▶ [INSTRUCTIONS TO FOLLOW]
From the first line to the last, restate the material word for word, omitting pictures.

▶ [DATA SECTION]
>>>

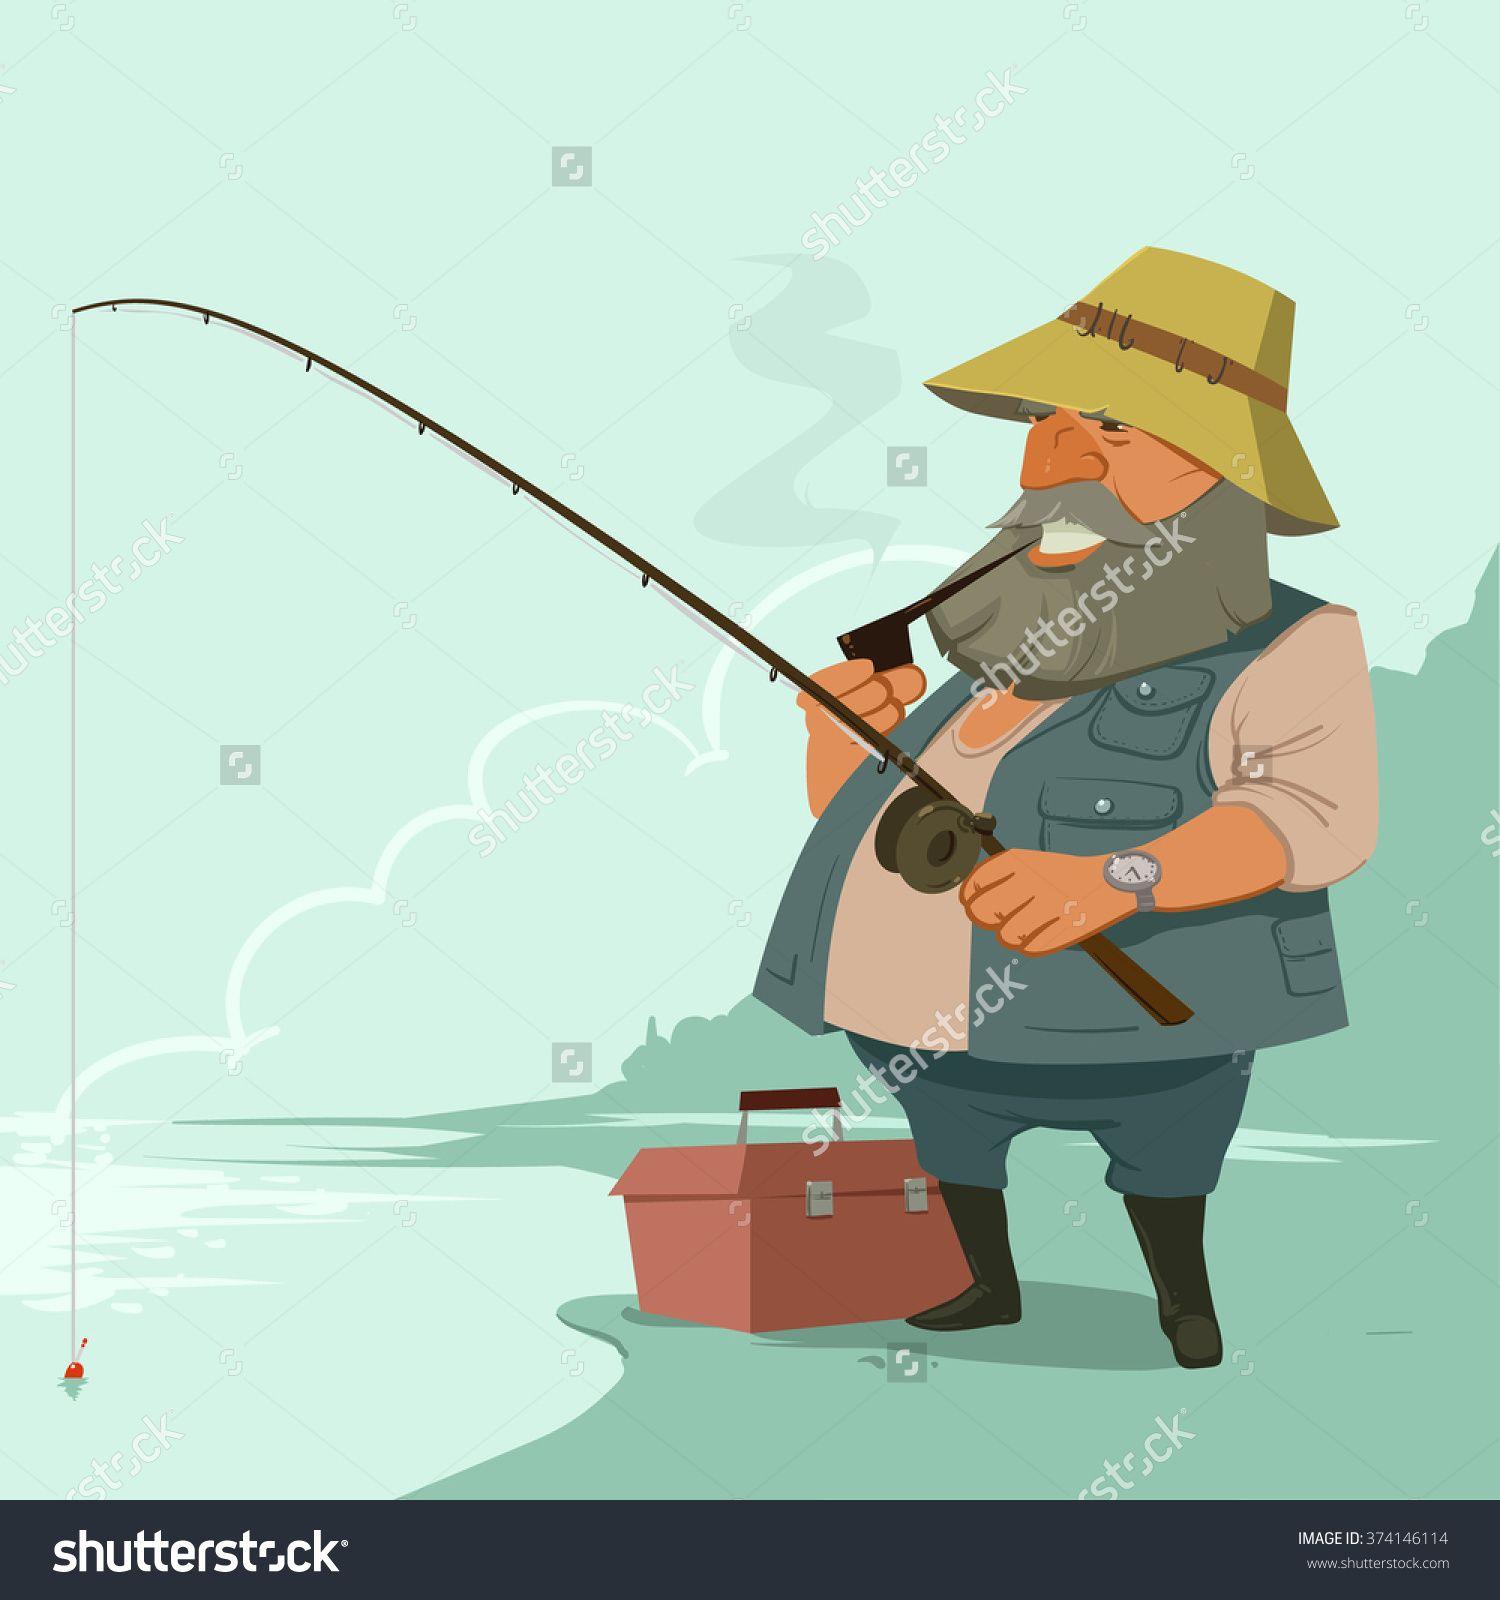 Fisherman With Fishing Rod, Fishing Equipment, Cartoon
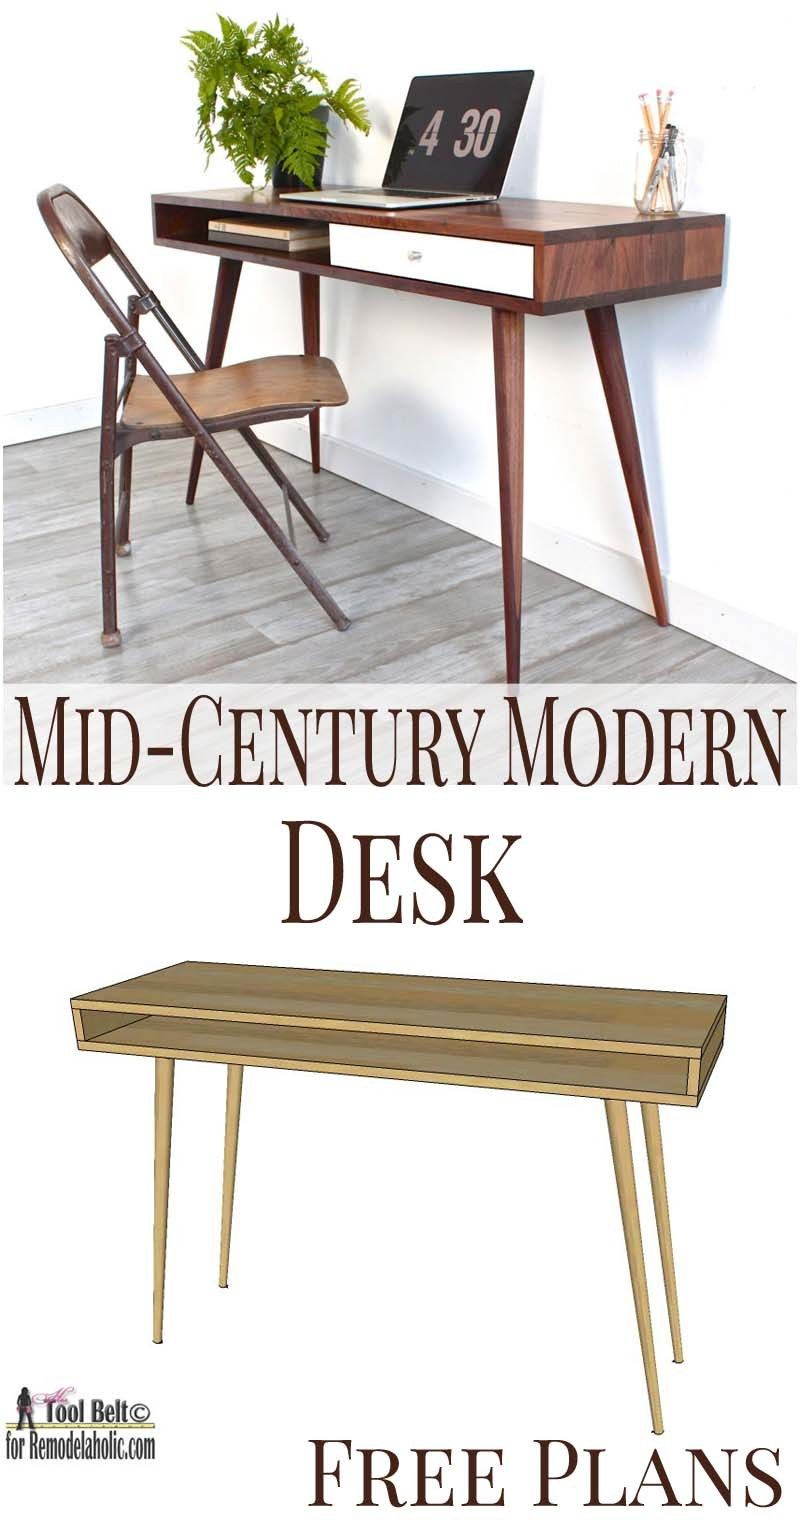 Diy Mid Century Modern Desk Mid Century Modern Desk Diy Furniture Mid Century Modern Furniture
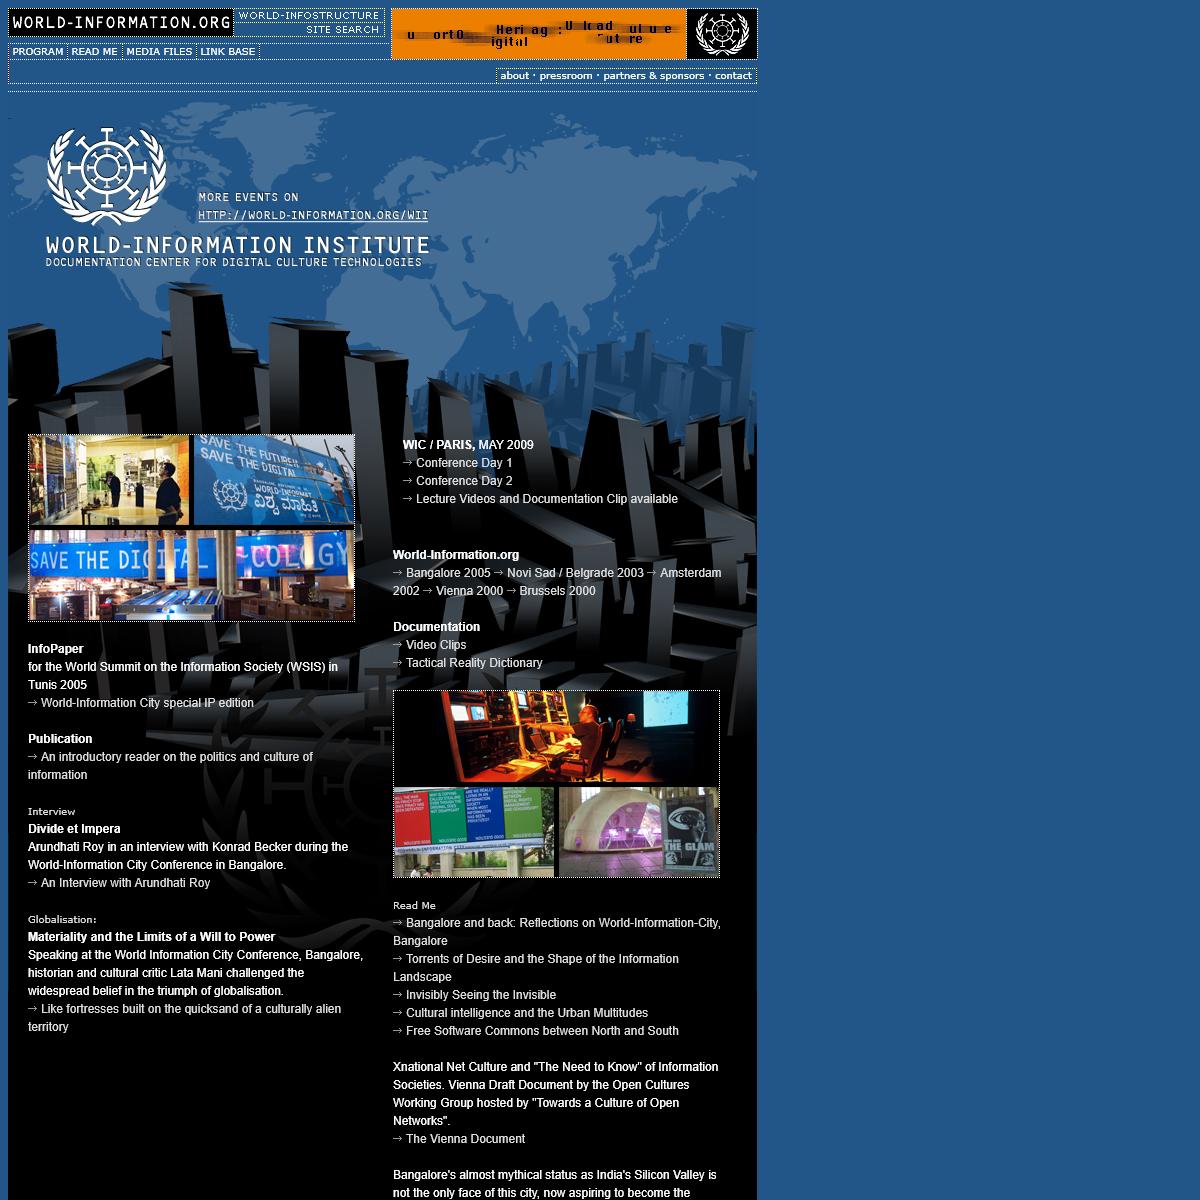 World-Information.Org
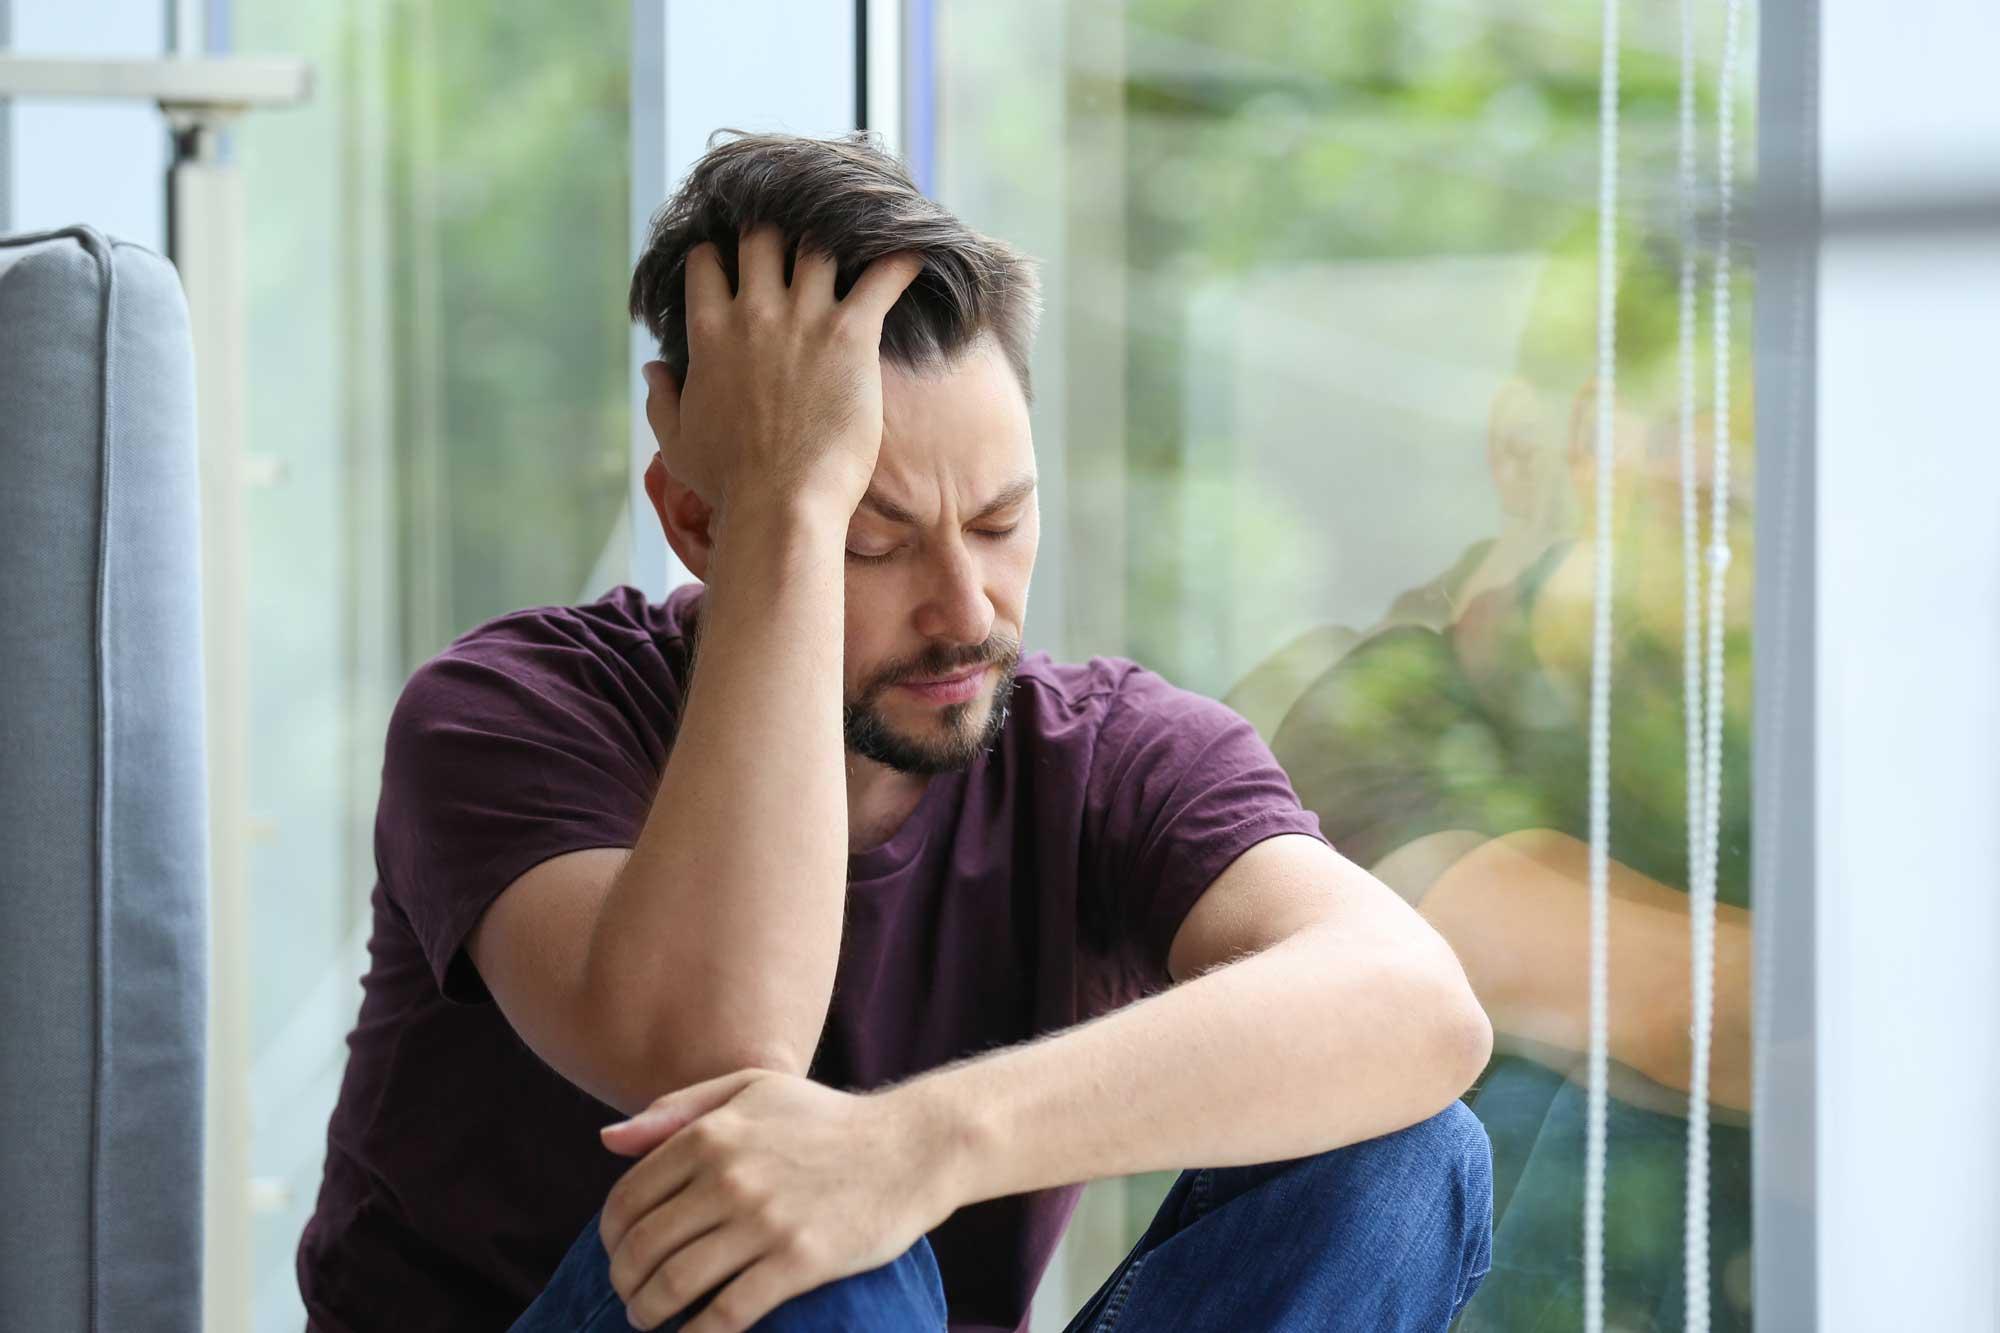 grief depressed man

<<<

▶ [EXPECTED OUTPUT]
 Fisherman With Fishing Rod, Fishing Equipment, Cartoon
 Diy Mid Century Modern Desk Mid Century Modern Desk Diy Furniture Mid Century Modern Furniture
 World-Information.Org
 grief depressed man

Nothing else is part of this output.